Я замолчал, потому что увидел, что говорю в про­странство. Люди придумали разные образы для отстра­нения себя от зрелища страданий, — например, легенду о страусе, прячущем свою голову в песок. Или, как это предложили экзистенциалисты, опускать в таких случаях  два маленьких плотных занавеса, которые есть у каж­дого из нас на глазах. Иван Францевич попросту бежал от меня, как он сам признался позже — «преподнес вам стрекача».

Через несколько минут я увидел его.

Он возвышался... нет, точнее сказать — не возвы­шался, а торчал над своим дамским велосипедом. Да, его черное неподвижное туловище, слишком длинное для этой маленькой машины, неправдоподобно торчало над седлом, пока он быстро и мелко перебирал педали не­гнущимися ногами.

Долго была видна его спина, обтянутая черным сюр­туком, еще сохранившая военную выправку австрий­ского лейтенанта эпохи Габсбургов. Среди потока авто­мобилей, среди грохота радиовоплей, на фоне неоновых огней Иван Францевич был похож на привидение из да­лекого сладостного предания о Мирном Времени.

 

 

 

БЫЧКИ В МАРИНАДЕ

 

Фронтовое небо в дыму, в отблесках пожаров. И это так обычно, что ни Женя, ни Рая не обращают на него никакого внимания. Рая откинула капот автоларька, на стене которого надпись: «Военторг». Она копается в мо­торе. Жарко. Иногда, забывшись, она смахивает пот с лица и еще больше измазывает его грязной, закопчен­ной рукой. Спохватывается, досадует.

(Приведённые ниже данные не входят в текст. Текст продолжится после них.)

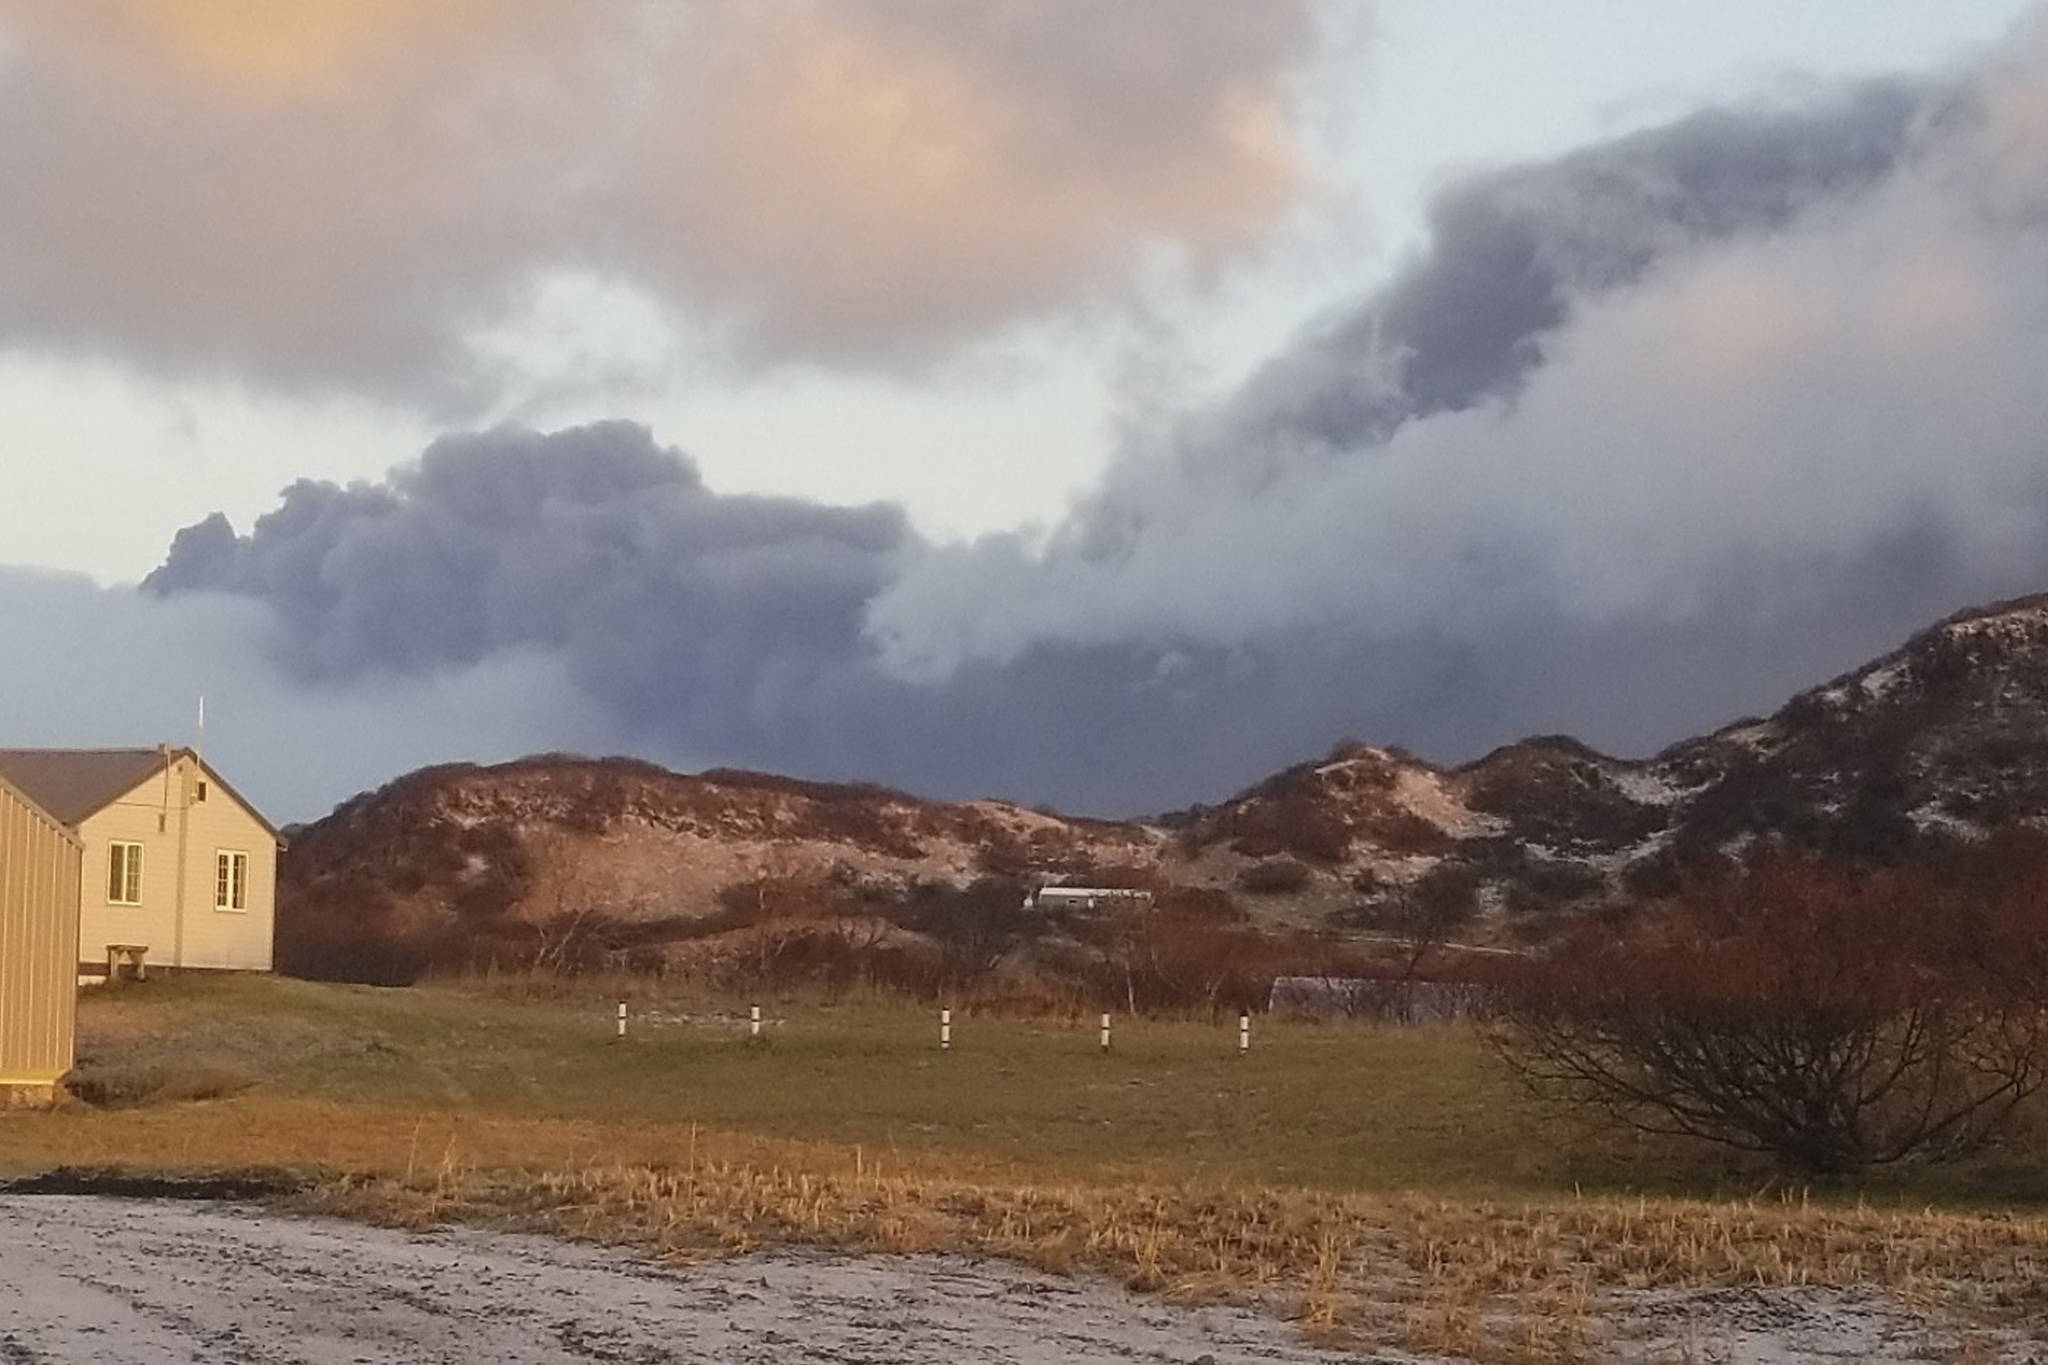 A black ash cloud from Alaska’s Mount Veniaminof passes the community of Perryville, Alaska, on Wednesday, Nov. 21, 2018. Alaska Volcano Observatory scientists said the overnight ash emissions from Mount Veniaminof generated an ash plume that drifted more than 150 miles (241 kilometers) to the southeast. (Victoria Tague via AP)

Женя в ларьке. Хлопот у нее, видать, по горло. То — к полкам, пересчитывает консервные банки, бутылки, то — к стойке, щелкает на счетах, записывает.

Все это — во дворе полуразрушенного здания. Часть стены рухнула, обнажилась внутренность дома, комнаты о трех, иногда о двух стенах. Там обломки буфетов, сто­лов, стульев, перевернутые кровати, распоротые диваны. В угловой комнате первого этажа — зеркало, расколотое наискось. В другой — над крошевом из мебели и кирпи­чей мирно покачивается, свисая с потолка, лампа с оран­жевым абажуром. В другой — веселенькие обои в лох­мотьях и на гвозде женская шляпка, кокетливо изогнутая и запорошенная известью с проломленного потолка. На третьем этаже большая брешь, из нее наполовину выва­лилась наружу детская коляска и торчит передними ко­лесиками над двором.

Раиса, рослая некрасивая девушка в комбинезоне, вдруг застыла, прислушивается:

— Опять пулемет...

Женя рассмеялась. Она хорошенькая, чистенькая, го­лова в кудряшках, губы подмазаны. На синий опрятный халатик выбивается воротничок белоснежной блузки.

— Что ты, родненькая, — говорит она, — это же я на счетах. Морока мне с этим месячным балансом! С ума сойти! Смотрю я на тебя, Раечка, аж зависть берет: зна­ешь свой мотор и — никаких. Прелесть!

Не подымая головы, из глубины капота, Раиса гово­рит своим низким, грудным голосом:

— Ты совсем еще девчонка, Женя. Хоть ты три года замужем, а совсем еще сопливенькая.

Женя положила локти на стол, голову на руки, гово­рит, глядя мечтательно в дымное небо:

— Представляешь, Раечка, до войны в это время, чуть только июнь месяц, мы с Виктором мигом на курорт. А как же! Дикарями. Аж до осени. Он же у меня в вузе. А я еще со школы, не знаю, как ты, а я завсегда обожала начало учебного года. Тебе это что-нибудь говорит? А мне говорит. Обожаю запах обложки новой общей тетради. Ух! Так бы и съела ее. Ну, зимой, конечно, ка­ток. Мы больше на Петровку, лед синий, свитера белые, фонари, музыка, коньки аж визжат. Ой, не могу...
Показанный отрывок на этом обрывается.